Boushey was concerned that disease could spread to adjacent vines, so he recently removed them. (Vines were being tested in a laboratory, but results of the tests were unknown at the time of the seminar.)
“This was supposedly certified wood, and I had it tested for all the known viruses when it was planted. All the tests were negative,” he said. “I don’t know that it was esca, but it fit every symptom that Dr. Gubler talked about.”
Finding strange symptoms in your vineyard is a scary experience, Boushey said. “But it does lead to ‘we probably can’t do enough as far as scrutinizing the wood we plant and where it comes from.’ We think as an industry we’ve done enough, but we really haven’t—this year really brought out everything that was out there.”
He noted that while 2010 was a unique weather year, cool years will come again. “I’ve experienced a season like 2010 four or five times in my career. It will happen again. We’re on the edge of growing vinifera, so we’ve really got to be more diligent than other areas.”

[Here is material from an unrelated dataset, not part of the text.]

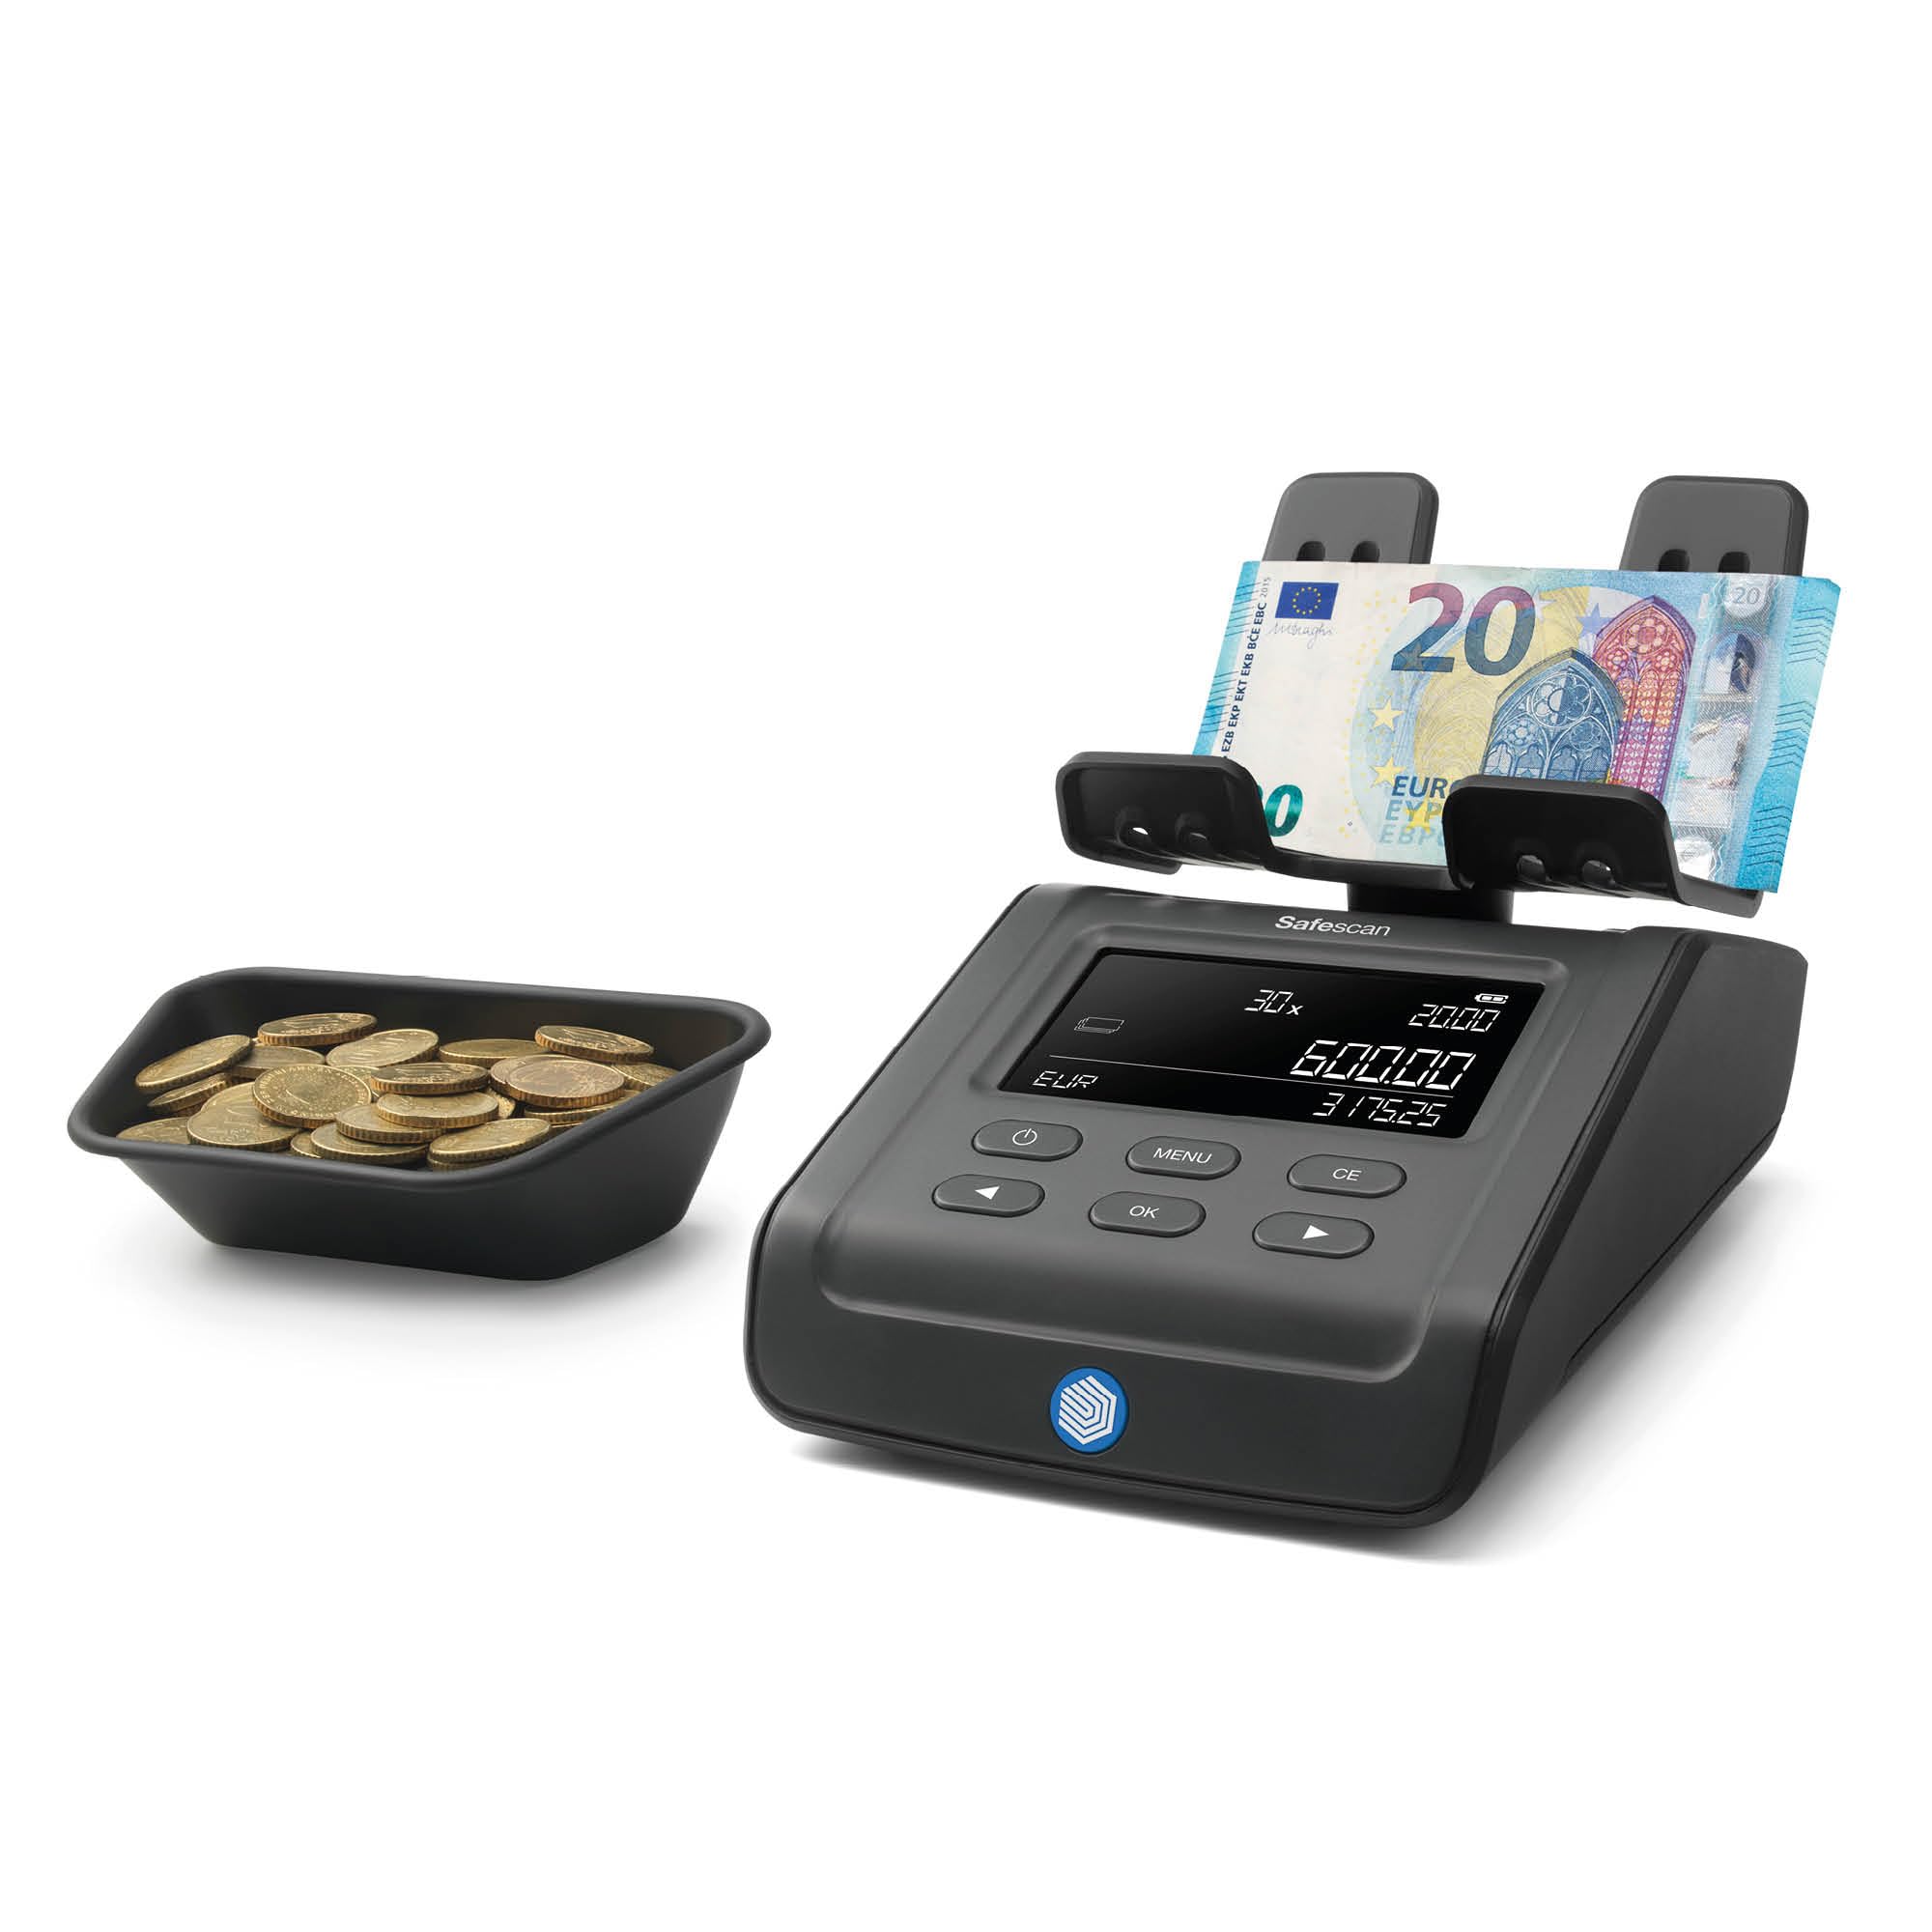 Safescan 6165 Geldzählmaschine, Wertzählung für Münzen und Banknoten - Münzzähler mit automatischer Münzrollenerkennung - Geldwaage für schnelles und einfaches Zählen von Kassenladen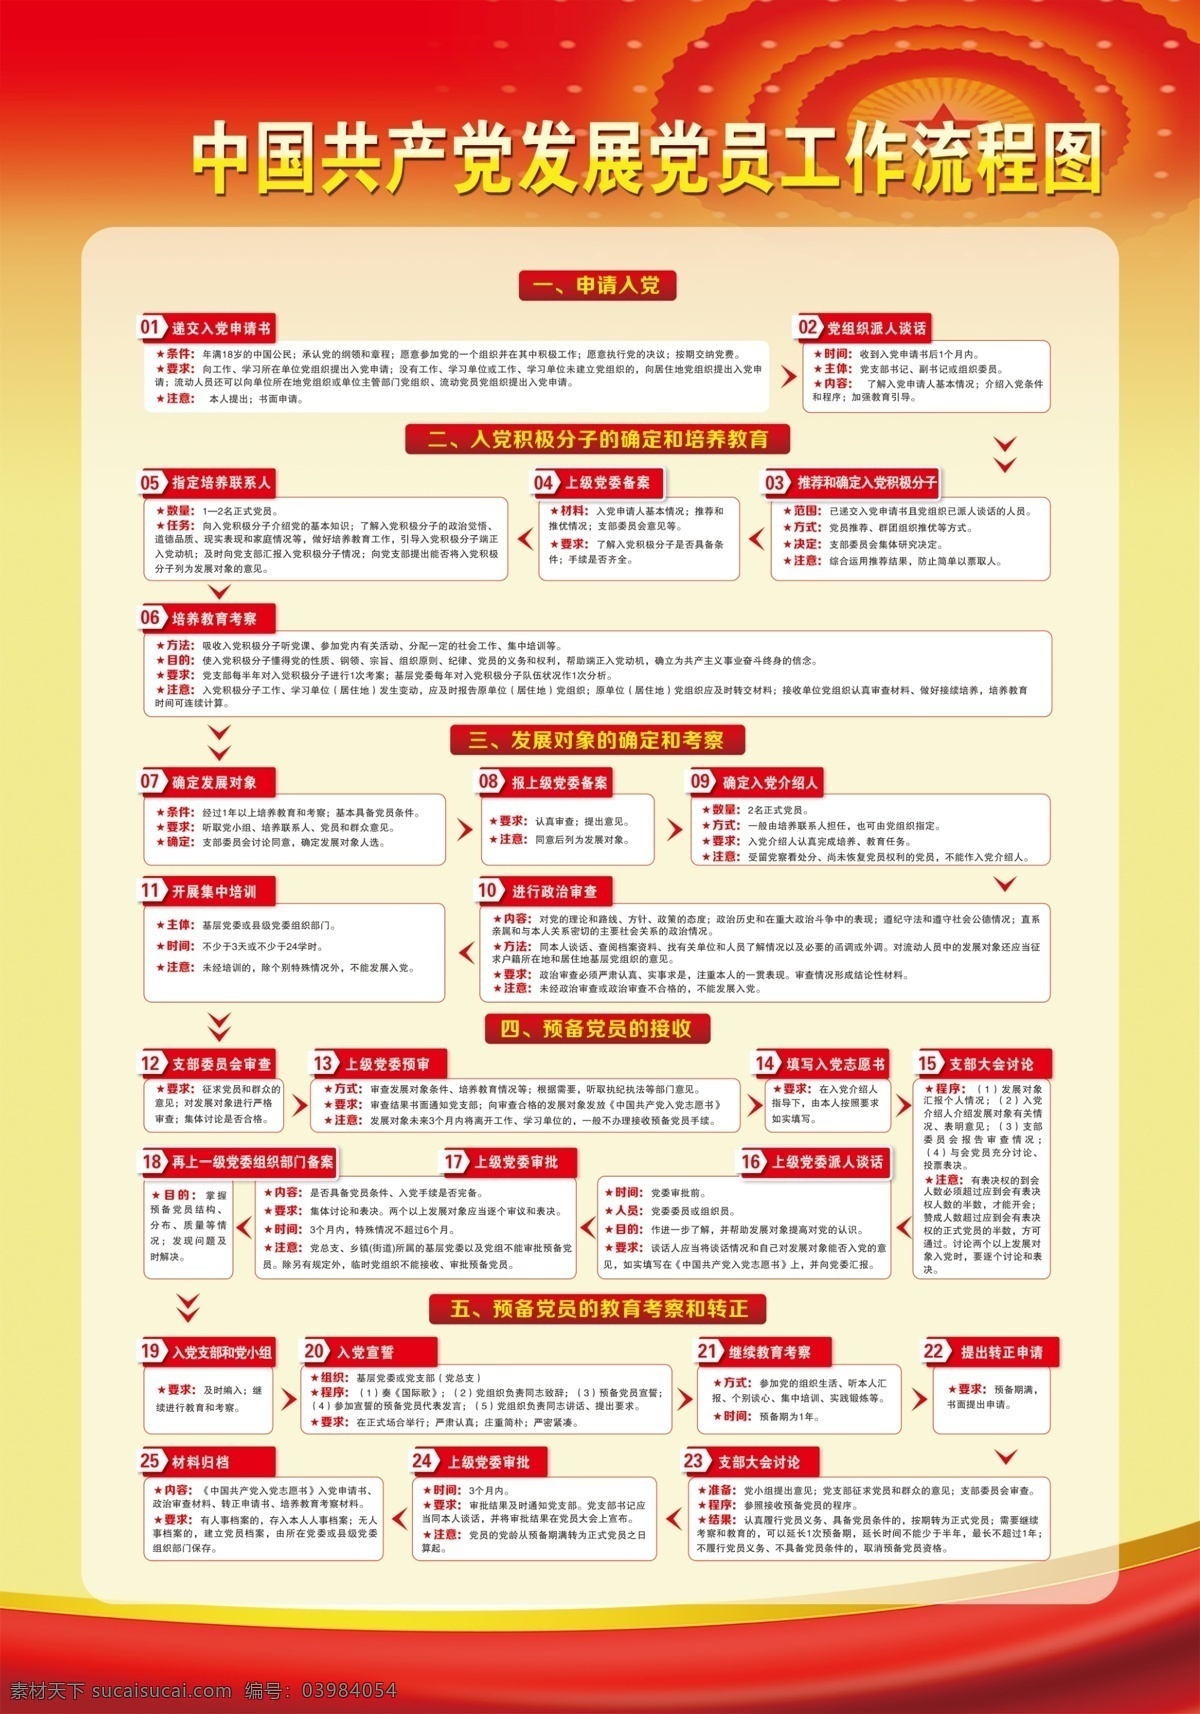 中国共产党 发展党 员工 作 流程图 发展党员 工作流程图 背景 制度背景 分层

Mike Sauer of Red Willow Vineyards in Wapato has had similar experiences as Boushey and Hamman. Even though he has planted certified material, he’s had Washington State University’s Dr. Naidu Rayapati out several times to look at different symptoms. “Of Petite Sirah, Dolcetto, and some of these newer varieties that I’ve planted, I bet half have showed different symptoms and I’ve ended up pulling them.”
Sauer shared that in his 40 years of grape growing, production practices and pest and disease concerns have changed. Twenty-five years ago, phylloxera was the big nursery concern, and vines were three or four years old before they were cropped. Demand for new varieties and clones has often resulted in shortages of nursery stock for certain material—growers and wineries are in a hurry to get material planted to hit peak prices for “hot” varieties.
What does certified mean?
Kevin Judkins of Inland Desert Nursery, Benton City, produces Washington State-certified grapevines. His father started the nursery business in the 1960s. With the revamping and updating of the grape foundation block housed at WSU’s Prosser research station and the newly created Northwest Grape Foundation Service, Judkins said there’s been vast improvement in what “certified” means. “Certified stock didn’t mean anything years ago.”
Though it’s been a slow process, the new H-20 foundation block that was planted in 2004 has given nurseries more confidence that the plant material they use for new registered blocks is clean. Most of the old registered nursery blocks in the state have been abandoned and new blocks have been planted from the H-20 vines, he said, noting that there was a lag period when new material from the H-20 block was converted to new registered blocks.
“We have opportunity to learn from California’s mistakes,” Judkins said. “They had clean material at one time, but being planted in registered blocks for numerous years—decades—it was lost somewhere along the way. Things change, which is why testing of registered blocks needs to be done more than once every ten years.”
The panel of growers and nursery representative was part of a grape disease seminar held last month at WSU’s Tri-Cities campus.